Happiness is a Warm Gun

by littlesarahbigworld

I like my habits. My little routines. Day Off means eating cereal while checking e-mail, long runs in City Creek while listening to RadioLab, and fancy iced coffee beverage from Café on 1st while blogging. And I’m comfortable with that.

Even in a strange place, I quickly come up with a daily schedule, make to-do lists, form habits. In France it was school, errands, blogging, running, dinner, viola, then maybe a movie. Over and over.

But I also pride myself on wanting to try new things, to experience something different and strange. Eating snails, for example (delicious, by the way, though I guess most anything can be delicious when cooked in butter and garlic…), break dancing, all manner of masochistic exercise trends (Bikram, spinning, CrossFit), pedi-cabbing, and now…shooting a gun.

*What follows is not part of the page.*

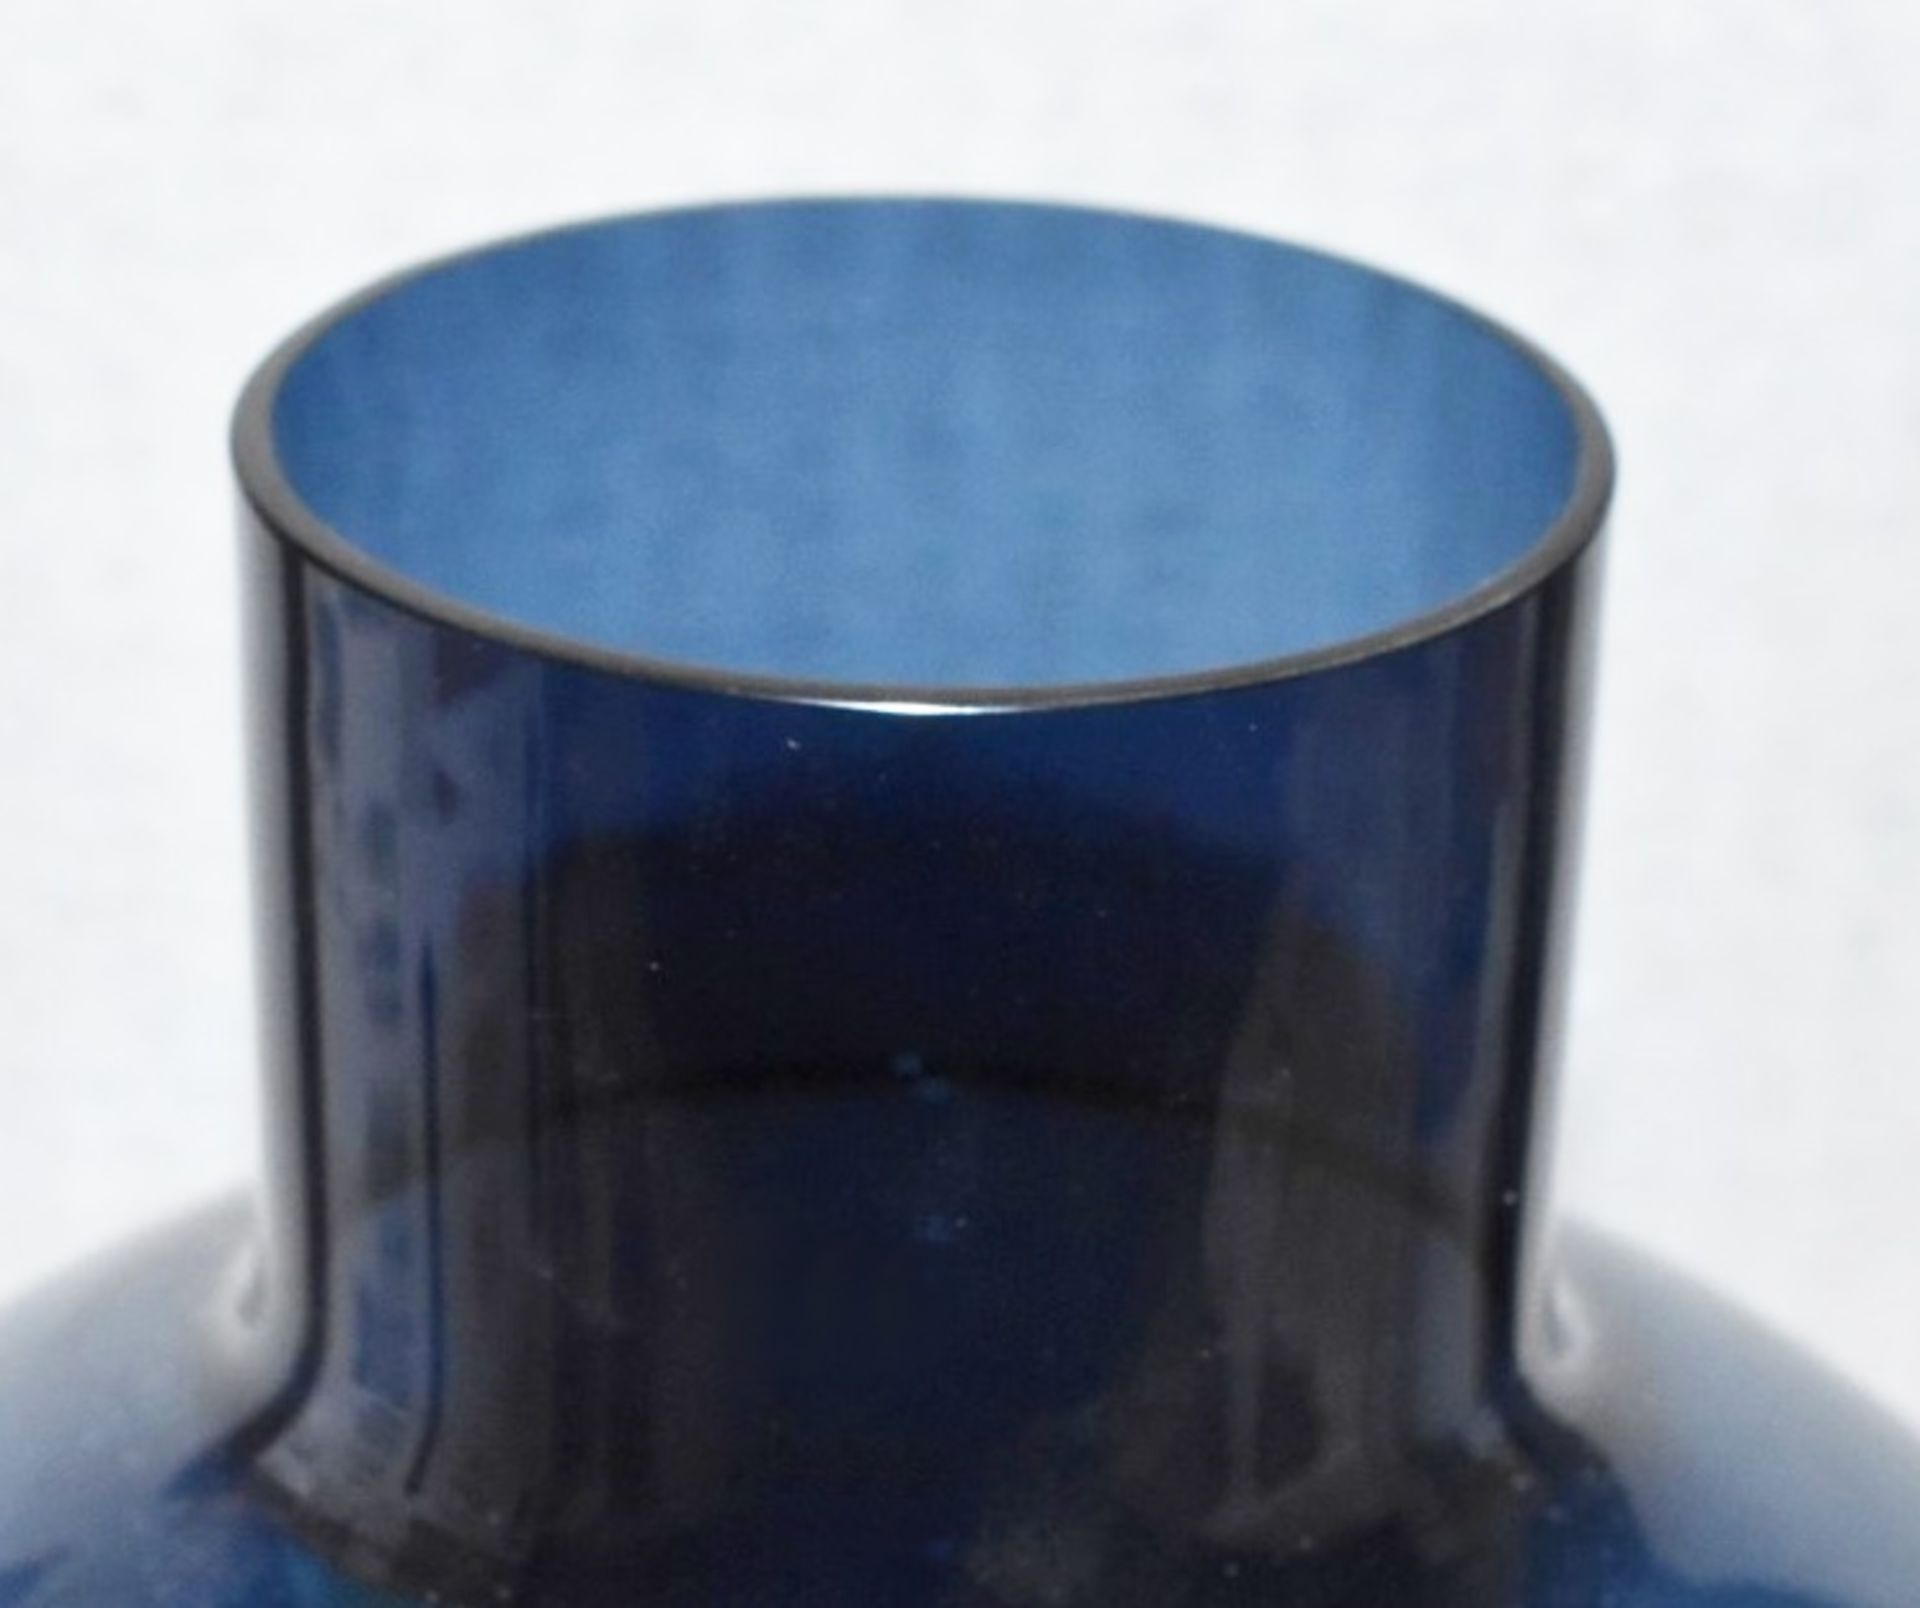 1 x POLTRONA FRAU 'Pallo Pot' High Quality Blown Glass Vase in Midnight Blue - RRP £1,080 *Signed* - Bild 3 aus 7

I’ve been asking Kevin to take me shooting ever since I found out that he owns a gun (he’s an Eagle Scout, friends, not a gun nut), and that was years ago. Not because I love hunting, or guns, mind you, but because he owns a gun and I’ve never shot one. That’s a thing a person should do in his/her lifetime, right? I mean, why not? I always imagined that a trip to the shooting range would be a lot like an afternoon at the batting cages–loud bangs, sore shoulders, lots of testosterone–but we never made it to the batting cages.

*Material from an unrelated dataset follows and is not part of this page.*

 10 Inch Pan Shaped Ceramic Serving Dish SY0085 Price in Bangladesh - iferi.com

What we DID do was ask at the general store in Deckers, CO, where it was legal to shoot in the area. They weren’t sure, so they told us to ask Dan, who turned out to be the Sheriff, and just happened to be passing by the store at that moment. Small town. He gave us directions, and we drove through a canyon and into the woods, where signs informed us that we couldn’t shoot within 150 yards (a football field and a half, Kevin pointed out) of campgrounds, trails, trailheads, or any other humanized areas. Except…those were everywhere.

“Wait a minute, we’re supposed to just park, walk off into the woods until we don’t see anyone, start shooting, and hope that we don’t kill a man? And that’s what all the other gun people are doing?” I asked, incredulous.

Guess so. Good thing Kevin is an EAGLE SCOUT, with a merit badge in rifle shooting, and so we practiced safety. Like wearing goggles, which turn everything green and dusky.

He also knew to shoot against a hill, in order to prevent horrific casualties, and to set up little pinecone targets on a a log. But I was the one who spotted the shell casings on our hike away from civilization, which is how we knew we were safe to shoot (everyone’s doing it). Also it made me feel like a mountain man. Tracking things.

The verdict? Shooting is fun. Way fun. I returned to the cabin raving that it was just like a video game, but in real life, which Richie said made me sound like the kids from Columbine. Yikes. Really, though, it’s fun to load the gun, take aim, and let those pinecones have it. Also it turns out that I’m a pretty good shot. As long as we’re no more than 20 feet away. And sitting down.

We also shot at pop cans and a home-made target (guess which one of us made it), and sang “Shot through the heart / and you’re to blame.” I mean, how could we not?

Some opportunities are just too good to pass up.